"Небеса" - читать интересную книгу автора (Матвеева Анна)

ГЛАВА 1. ПЕРВАЯ СМЕРТЬ

Доводы были детскими, отзывались легкой улыбкой отца и нахмуренной бровью матери, но как же я старалась перетянуть улыбку и бровь в мою зыбкую веру…

Я доказывала, что человек, хотя бы однажды видевший море, не должен более сомневаться. Море не могло появиться по пустой прихоти природы: тогда оно стало бы кучей соленой воды, а не морем — где бережно хранятся затонувшие корабли, где пляшет солнечная сеть в бирюзовых волнах, которые мрачнеют, лишь только отплывешь подальше от берега… Разве могло море стать таким случайно, без генерального плана, божественного замысла, великой идеи?

А небеса? Голубые небеса, любимая декорация для птичьих выступлений, лучший фон кудрявым облачным парикам, парадная рама солнцу, — разве могли эти небеса-чудеса явиться сами по себе, из ниоткуда, вдруг?

Упорствуя и злясь, я спрашивала родителей, смогли бы они выдумать лебедя? Чтобы по воде плыла изогнутая белоснежная ладья, а по земле шагал коротколапый уродец с длинной, как садовый шланг, шеей?

А деревья? Корни, что бугрятся под землей, словно окаменевшие змеи, и листья, сквозь которые можно подглядывать за небесами, и этот нежный запах, слышимый сквозь жесткую кору? Смогли бы вы придумать такие деревья, или ваши деревья были бы лучше?

Я ликовала, увидев впервые "La creation du Mond": по-детски отвергая иронию, принимала карикатуры Эффеля за чистой монеты совпадение с моим собственным миром, где самый тонкий и ничтожный стебелек мог похвастаться особенным происхождением.

Атеизм с готовностью распахивал передо мной куцые объятья, да и родители старались объяснить, но прорастала из этого блеклая и бестолковая белиберда: жить надо просто так, мир придумался сам по себе, а умершие люди лежат в земле, лежат долго, покуда сами не станут землею, не сравняются с почвой, прошитой мокрыми розовыми червями, простеганной корнями трав…

Мне же — хотя старалась и страдала — не удавалось поверить, что наш прекрасный мир стал таким по причудливому, как логика шизофреника, соединению случайностей с обстоятельствами.

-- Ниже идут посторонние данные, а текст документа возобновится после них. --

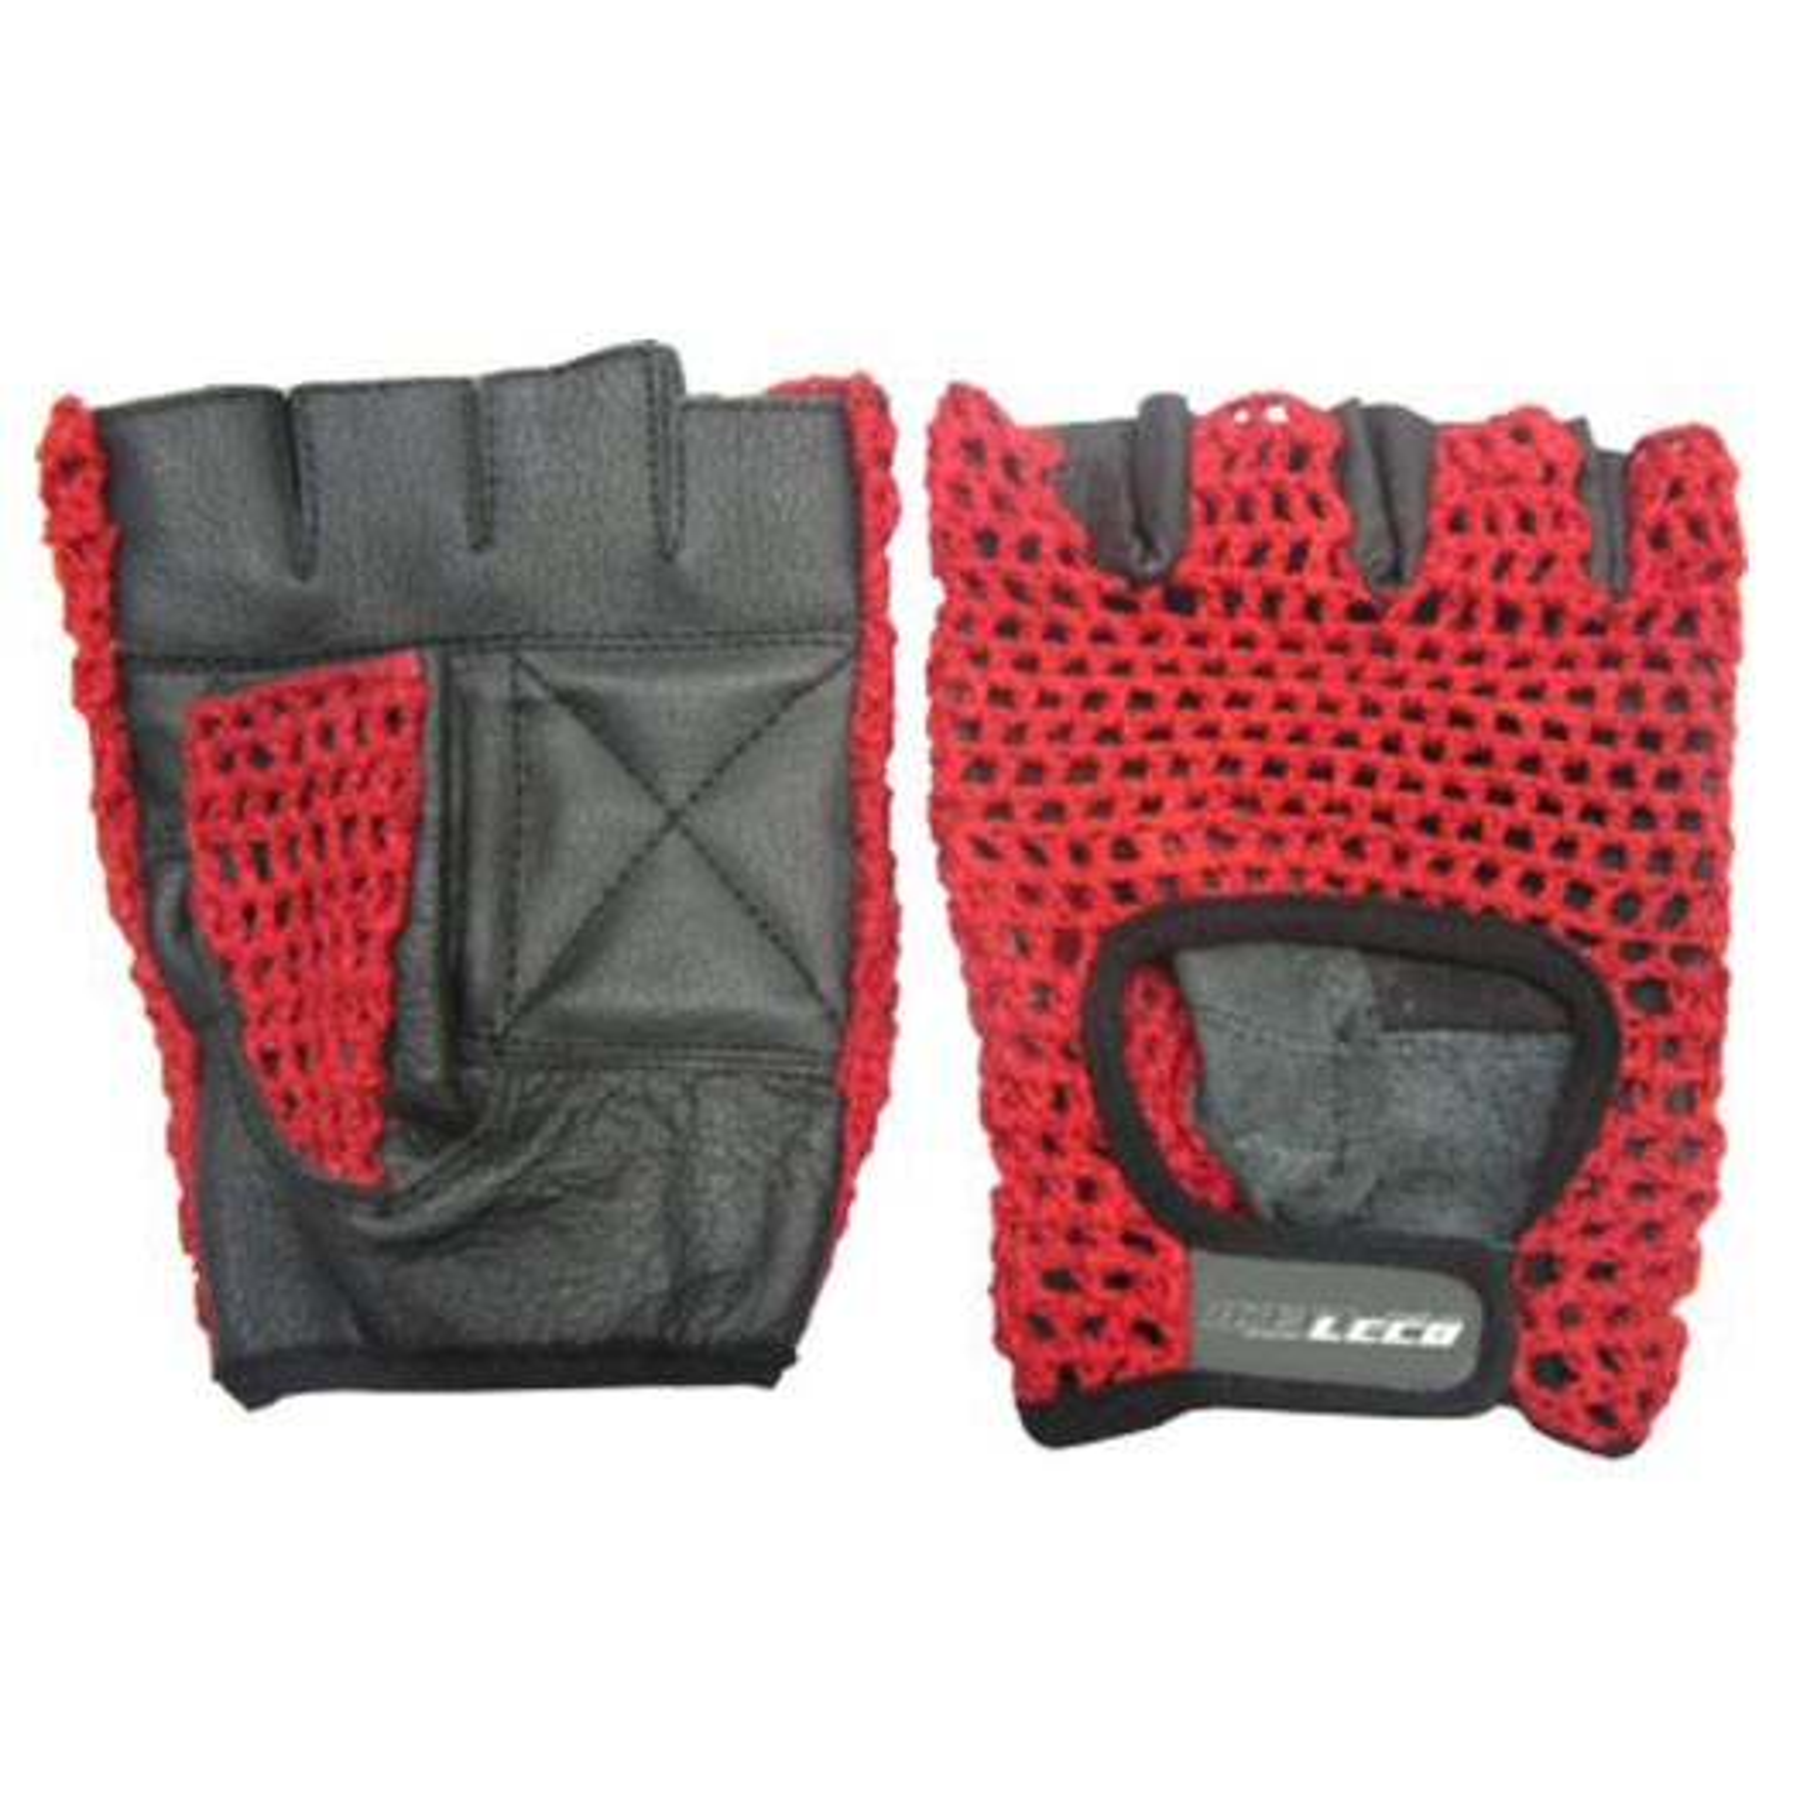 Перчатки для фитнеса ХОУМ кожа/сетка р. M (т11120-2)

Деревья оставались совершенными и молча росли, я никогда не смогла бы за ними угнаться. Небеса оставались голубыми, облака — кудрявыми, лебеди били воду красными лапами, а люди рождались, ожидая смерти.

И da capo.

Мои родители были атеистами, и до первой смерти в нашей семье все шло так, как понравилось бы и Родине, и Партии. Отец, рассуждая о Боге, дышал тяжело и быстро, сердясь, что детский ум не принимает разумных доводов: Бог — если он есть — не нуждается в посредниках, а человеку (отец ударял себя пальцем в грудь, а я сжималась, думала — вдруг проткнет насквозь и палец войдет в сердце, как стек в маслянистую плоть пластилина), человеку не нужны ритуалы. И отец задыхался, пытаясь вбить в мою голову простейшие из мыслей так же, как бабушка вбивала в тесто желтки. На самой высокой ноте отца меняла мама, пыталась переключить меня на другой канал, как телевизор. Ласково, но упорно мама отводила меня в сторону, противоположную небесам.

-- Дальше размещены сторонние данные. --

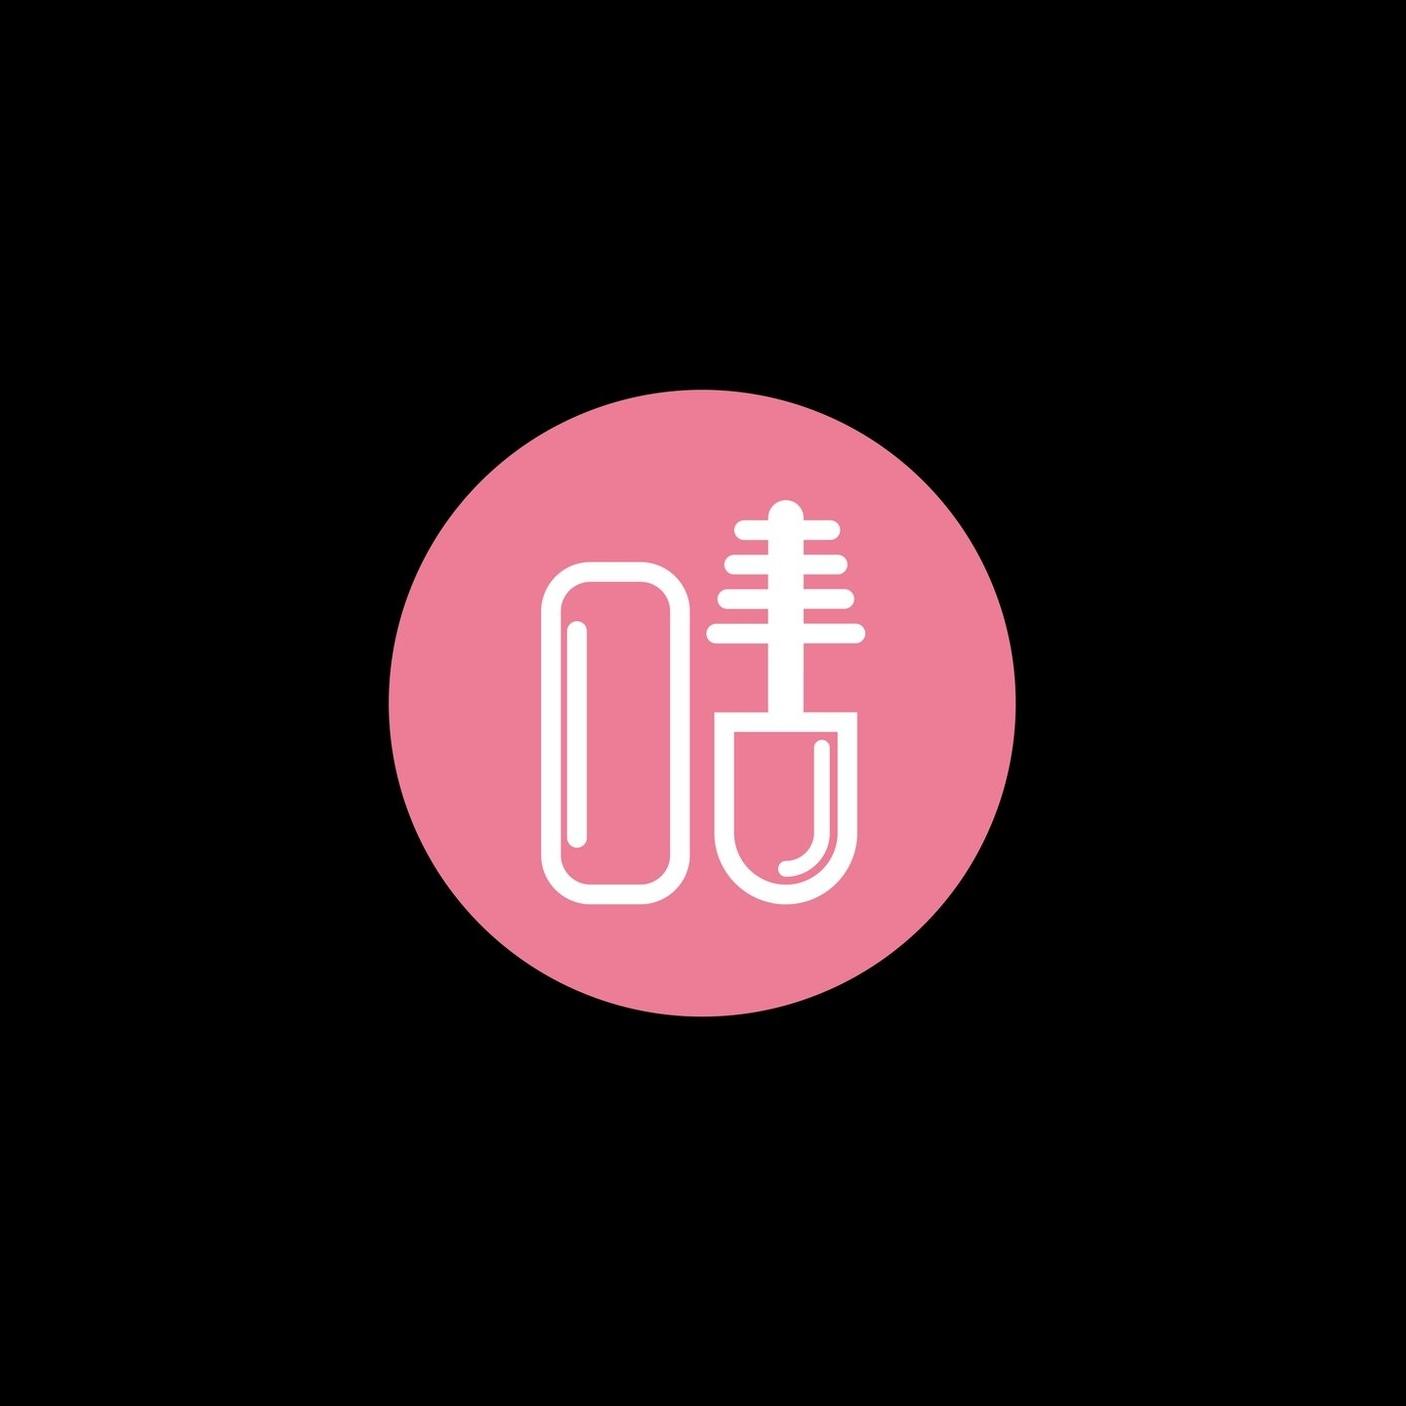 Blue Pink Circles Beauty Makeup Youtube Channel Art (1).jpg

Потом умерла бабушка Таня.

Смерть ее стала также и моей смертью: детство ушло не оборачиваясь.

Старость многих гонит в храм — успеть покаяться до срока, договориться с Богом, покуда силы есть. А бабушка Таня была верующей задолго до прихода старости — хотя именно бабушкой, в полном смысле этого слова, она так и не стала. Она была старшей сестрой моей бабушки, сестрой бессемейной.

Я не любила бабушку Таню — от нее затхло пахло старостью.

Две сквозные комнатки в доме деда, простодушные половички, легко сбиравшиеся гармошкой, одеяло из лоскутов, замызганные книжечки у изголовья старой, с мутными шарами кровати. Дверь к бабушке Тане всегда была закрыта, но я слышала словесный шелест, и скрип половиц, и вздохи, всхлипы, нежные молитвенные уговоры… Не выдержав, подгладывала в бойницу замочной скважины: бабушка Таня стояла на коленях, вглядывалась в сумеречные иконы, крестилась и кланялась. Мне было нестерпимо стыдно за нас обеих, разделенных не дверью, но безверьем.

Когда бабушки Тани не было дома, мне проще дышалось, а моя родная бабушка оговоривалась безо всякой досады, куда отправилась сестра. Мы с мамой и сестрой Сашенькой раз проходили рядом, и я запомнила синие, в звездочках, словно бы ситцевые, купола, и черную тень в окоеме, и густой, сладковато-душный запах: жаль, мама протащила меня за руку мимо — не надо было здесь идти, всего лишь хотели срезать, как говаривала Сашенька, уголок… Я долго озиралась на выбеленные стены, успевая прихватить взглядом жалкую клумбочку, где досыхала цветочная мелочь, но мама больно сжимала мою ладонь.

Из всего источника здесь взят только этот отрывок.